The Tour of Flanders is unpredictable – Interview with Mathieu van der Poel

Rad-Profi Mathieu van der Poel vor der Flandern-Rundfahrt

Mathieu van der Poel will contest the Tour of Flanders for the fifth time on April 2 and is one of the top favorites. Not least due to his success in the first Monument of the year Milan-Sanremo. Alpecin Cycling had the chance on Friday to ask Mathieu van der Poel a few questions before the race.

For anyone who has followed the one-day races so far this spring, it seems clear and obvious that there will be a three-way battle between Wout van Aert, Tadej Pogacar and Mathieu van der Poel at the Tour of Flanders – just like at the E3 Saxo Classic a week and a half ago.

But which of the other two pros does van der Poel consider more dangerous: “They are both dangerous in their own way. Tadej prefers to finish alone. He will try to get away on the hills. Wout is a very strong and crafty competitor in the sprint.”

“The Tour of Flanders is unpredictable”

However, van der Poel also sees other riders who could be in contention for victory: “Before the race, I definitely won’t commit to a three-way fight. The race is unpredictable. There can be good riders who anticipate. And there can be riders who have worked differently, more purposefully towards the Ronde and can also survive the decisive passages on Sunday. It’s too easy to say that the three of us will come out on top in the end.”

Incidentally, the Dutchman thinks little of a master plan or a fixed strategy in a race like the Ronde: “We always try to adapt to the situation. You can have a great plan in advance, but you don’t know how the race will go.”

“From the second time Oude Kwaremont begins the final”

The Alpecin-Deceuninck pro believes the first decisive attacks will come at the second crossing of the Oude Kwaremont: “Just like always. After that, the climbs follow each other in quick succession.” For him, the key point in the race does not exist: “There are so many. It can always happen on a different climb. It’s hard to name a specific spot, but if I had to choose one: the Koppenberg.

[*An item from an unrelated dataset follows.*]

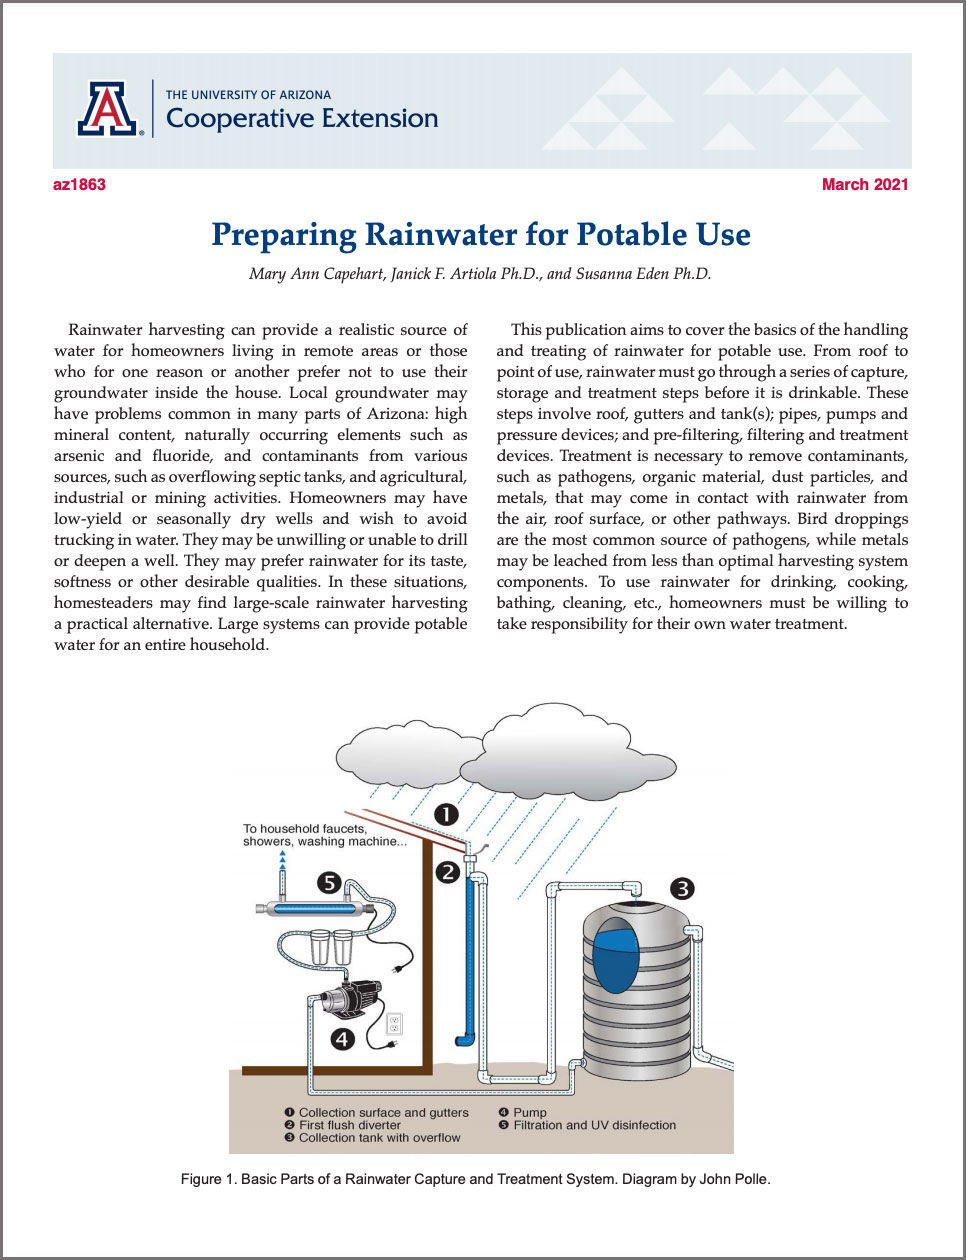 Preparing Rainwater for Potable Use Guide
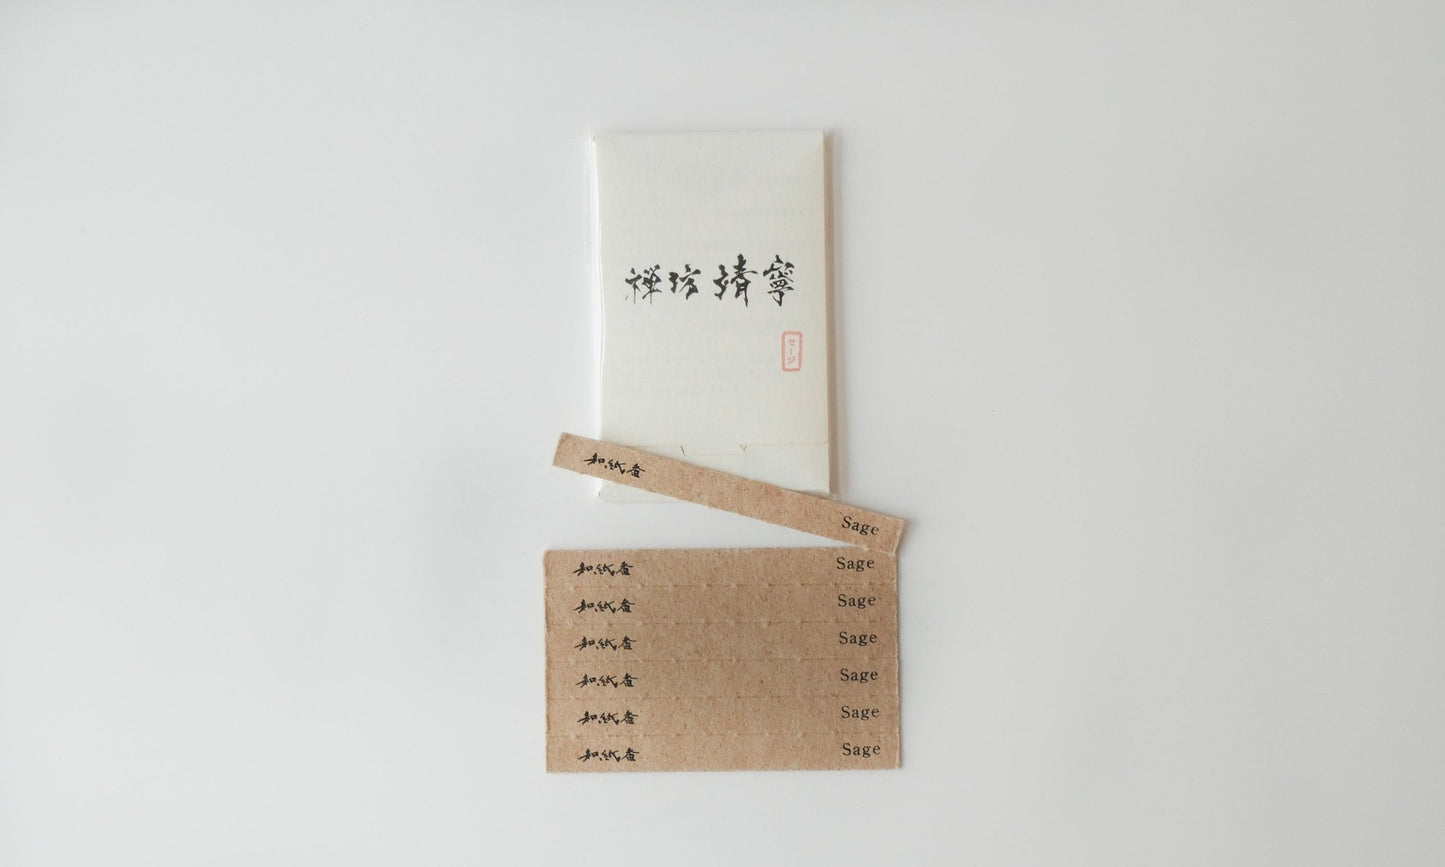 和紙香 【セージ 】とカードケースセット Original Paper Incense Set 【 Sage】 - zenboseineionlinestorezenboseineionlinestore

That can be the key moment, I’ve found that a few times.”

He says he likes the final two laps: “From the second time Oude Kwaremont to the finish, I like the Ronde parcours best. The hills follow each other in quick succession, and the best in the race automatically get to the front. That’s the most fun. In previous years, I also liked the start in Antwerp, just 15 kilometers from my home. It was familiar terrain that I come to often and felt special. Bruges, on the other hand, is something I’m a little less familiar with,” says van der Poel about the new “old” start location.

“Good legs are more important than experience”

For van der Poel it will be already the fifth start at this monument on Sunday. He has never finished worse than fourth and has already won the Ronde twice. Does he see that as an advantage? “You take the experience with you, of course: When and where you position yourself correctly. You know the important points. But having good legs is more decisive than that experience. You can master all the sections like the best, but if you don’t have the legs on Sunday, it won’t do you any good.”

“I am better prepared than I was in 2022”

When he took part in 2022, which he won, his preparation in the winter and spring was not ideal due to injury. How does he see himself today in comparison? “Because of the back problems, the preparation last year was atypical. But in the end I showed my best performance that day. Now I have the feeling that I am better prepared for the track. In 2022 I also rode with a slightly less wide base. Then the peak – that is, the top form – doesn’t last as long. At Paris-Roubaix, my legs weren’t quite as good. Hopefully that will be different this year.”

“The Sanremo victory takes the pressure off”

Unlike his rivals, his success at Milan-Sanremo means he’s already won a major one-day race and can compete more liberated. “In any case, winning Sanremo takes the pressure off for the Ronde and Roubaix. When you’ve won a Monument, you ride much more relaxed afterwards. But that doesn’t mean I’m any less ambitious.”

Asked hypothetically which races he would prefer to win in 2023 if he only had one chance, he replied, “If I really had to choose, it would be Paris-Roubaix. Simply because I haven’t won that yet.”